▸ **ACTION ITEM**: Each line from the one containing "Must see Wallpaper" through the end of the records below must be repeated exactly, and no other line.

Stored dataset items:
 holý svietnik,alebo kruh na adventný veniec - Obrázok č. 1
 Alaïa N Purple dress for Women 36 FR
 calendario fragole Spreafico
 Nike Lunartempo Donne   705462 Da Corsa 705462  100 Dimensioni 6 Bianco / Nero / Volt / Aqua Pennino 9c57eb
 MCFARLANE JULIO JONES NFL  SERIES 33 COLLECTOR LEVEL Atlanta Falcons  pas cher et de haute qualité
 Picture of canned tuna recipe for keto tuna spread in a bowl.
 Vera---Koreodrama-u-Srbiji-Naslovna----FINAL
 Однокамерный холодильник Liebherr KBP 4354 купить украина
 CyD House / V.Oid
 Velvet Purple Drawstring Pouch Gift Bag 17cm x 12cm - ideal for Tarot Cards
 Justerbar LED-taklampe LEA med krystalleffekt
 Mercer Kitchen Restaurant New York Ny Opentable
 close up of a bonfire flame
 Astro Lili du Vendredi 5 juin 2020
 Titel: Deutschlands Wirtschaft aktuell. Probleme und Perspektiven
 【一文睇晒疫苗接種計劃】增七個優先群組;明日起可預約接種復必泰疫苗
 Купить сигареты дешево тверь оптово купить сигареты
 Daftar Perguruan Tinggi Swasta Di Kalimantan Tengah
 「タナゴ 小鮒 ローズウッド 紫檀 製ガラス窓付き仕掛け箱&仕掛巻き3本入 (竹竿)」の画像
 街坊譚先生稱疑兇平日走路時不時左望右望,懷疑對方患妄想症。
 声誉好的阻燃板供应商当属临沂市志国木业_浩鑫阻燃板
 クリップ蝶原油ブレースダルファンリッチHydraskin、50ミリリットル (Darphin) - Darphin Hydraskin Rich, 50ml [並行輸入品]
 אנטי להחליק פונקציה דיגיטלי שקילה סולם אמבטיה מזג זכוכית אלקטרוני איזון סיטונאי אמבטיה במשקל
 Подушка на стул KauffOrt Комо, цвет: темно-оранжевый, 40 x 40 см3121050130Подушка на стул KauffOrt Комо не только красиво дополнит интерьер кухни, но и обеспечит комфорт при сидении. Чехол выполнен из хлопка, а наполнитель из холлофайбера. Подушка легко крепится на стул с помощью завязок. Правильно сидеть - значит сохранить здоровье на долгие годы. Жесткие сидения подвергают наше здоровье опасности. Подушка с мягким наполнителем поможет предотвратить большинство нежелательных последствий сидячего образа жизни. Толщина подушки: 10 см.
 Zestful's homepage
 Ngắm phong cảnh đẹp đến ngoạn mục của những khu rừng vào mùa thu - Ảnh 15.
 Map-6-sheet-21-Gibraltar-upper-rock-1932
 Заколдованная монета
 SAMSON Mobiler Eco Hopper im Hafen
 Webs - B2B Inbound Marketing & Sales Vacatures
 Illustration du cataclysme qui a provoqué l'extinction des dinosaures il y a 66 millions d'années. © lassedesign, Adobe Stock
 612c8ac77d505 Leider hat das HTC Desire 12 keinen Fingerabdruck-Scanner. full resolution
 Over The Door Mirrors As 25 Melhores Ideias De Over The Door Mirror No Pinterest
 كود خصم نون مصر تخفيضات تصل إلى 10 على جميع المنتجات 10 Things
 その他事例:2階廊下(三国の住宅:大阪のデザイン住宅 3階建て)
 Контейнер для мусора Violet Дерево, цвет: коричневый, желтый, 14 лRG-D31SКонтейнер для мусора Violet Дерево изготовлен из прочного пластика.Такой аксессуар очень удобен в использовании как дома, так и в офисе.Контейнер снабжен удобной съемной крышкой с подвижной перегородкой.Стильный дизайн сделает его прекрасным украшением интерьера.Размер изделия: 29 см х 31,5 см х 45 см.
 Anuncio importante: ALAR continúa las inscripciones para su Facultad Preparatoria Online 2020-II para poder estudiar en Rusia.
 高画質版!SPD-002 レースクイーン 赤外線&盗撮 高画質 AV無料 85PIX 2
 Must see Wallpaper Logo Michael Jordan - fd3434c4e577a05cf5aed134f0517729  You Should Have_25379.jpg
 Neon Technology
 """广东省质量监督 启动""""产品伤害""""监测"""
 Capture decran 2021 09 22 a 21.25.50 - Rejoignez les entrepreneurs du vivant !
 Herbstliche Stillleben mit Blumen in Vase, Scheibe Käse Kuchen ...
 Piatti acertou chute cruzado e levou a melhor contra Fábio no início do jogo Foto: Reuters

▸ **ANSWER SECTION**:
 Must see Wallpaper Logo Michael Jordan - fd3434c4e577a05cf5aed134f0517729  You Should Have_25379.jpg
 Neon Technology
 """广东省质量监督 启动""""产品伤害""""监测"""
 Capture decran 2021 09 22 a 21.25.50 - Rejoignez les entrepreneurs du vivant !
 Herbstliche Stillleben mit Blumen in Vase, Scheibe Käse Kuchen ...
 Piatti acertou chute cruzado e levou a melhor contra Fábio no início do jogo Foto: Reuters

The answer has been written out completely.